Let $a,\,b,\,c,\,x,\,y$ and $z$ be strictly positive real numbers, prove that [MATH](a+x)(b+y)(c+z)+4\left(\frac{1}{ax}+\frac{1}{by}+\frac{1}{cz}\right)\ge 20[/MATH].

Let $a,\,b,\,c,\,x,\,y$ and $z$ be strictly positive real numbers, prove that

[MATH](a+x)(b+y)(c+z)+4\left(\frac{1}{ax}+\frac{1}{by}+\frac{1}{cz}\right)\ge 20[/MATH].

My solution:

[MATH](a+x)(b+y)(c+z)+4\left(\frac{1}{ax}+\frac{1}{by}+\frac{1}{cz}\right)[/MATH]

[MATH]=abc+abz+bcx+acy+ayz+bxz+xyc+xyz+\frac{1}{ax}+\frac{1}{ax}+\frac{1}{ax}+\frac{1}{ax}[/MATH]

[MATH]\,\,\,\,+\frac{1}{by}+\frac{1}{by}+\frac{1}{by}+\frac{1}{by}+\frac{1}{cz}+\frac{1}{cz}+\frac{1}{cz}+\frac{1}{cz}[/MATH]

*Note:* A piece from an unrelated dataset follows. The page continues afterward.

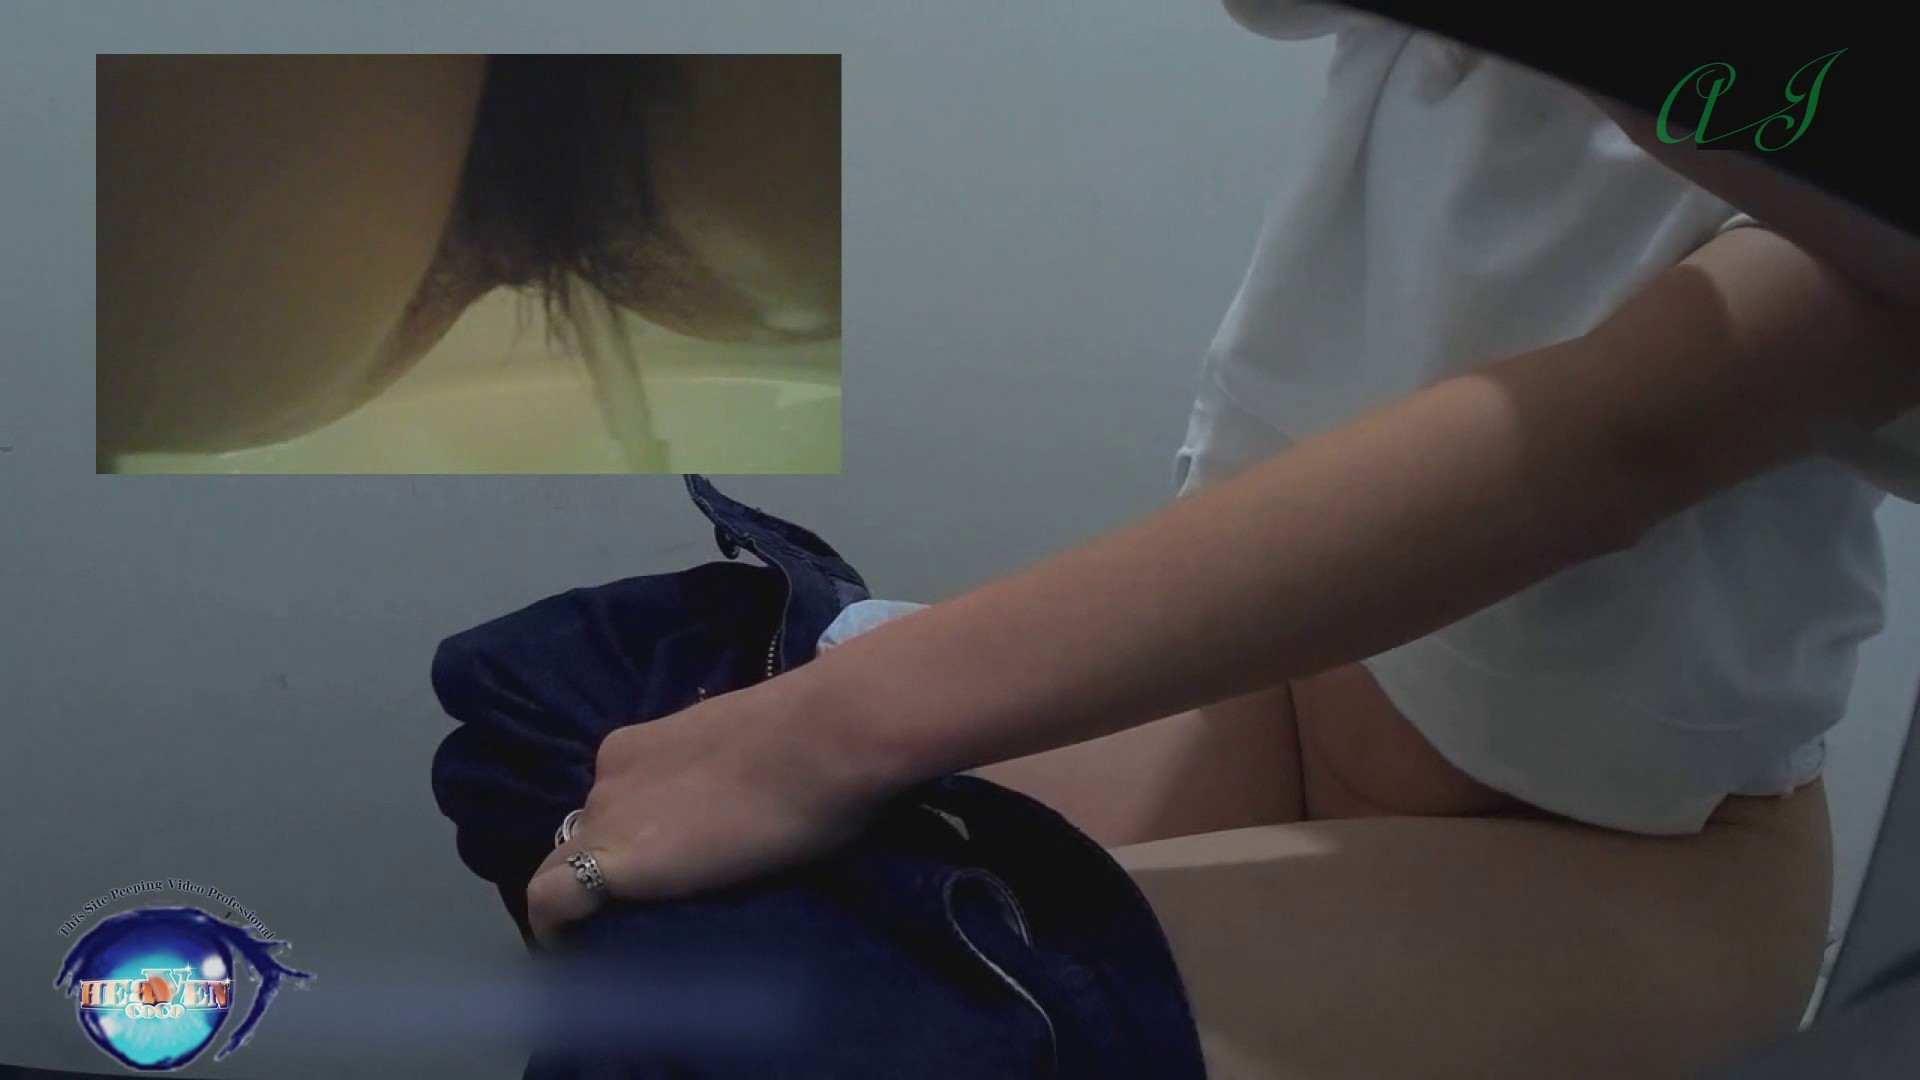 有名大学女性洗面所 vol.71 美女学生さんの潜入盗撮!後編 美女まとめ ヌード画像 102PIX 28

[MATH]\ge 20\sqrt[20]{abc(abz)(bcx)(acy)(ayz)(bxz)(xyc)(xyz)\left(\frac{1}{ax}\right)^4\left(\frac{1}{by}\right)^4\left(\frac{1}{cz}\right)^4}[/MATH]

[MATH]= 20\sqrt[20]{1}[/MATH]

[MATH]= 20[/MATH] (Q.E.D.)

Equality occurs when $a=b=c=x=y=z=1.$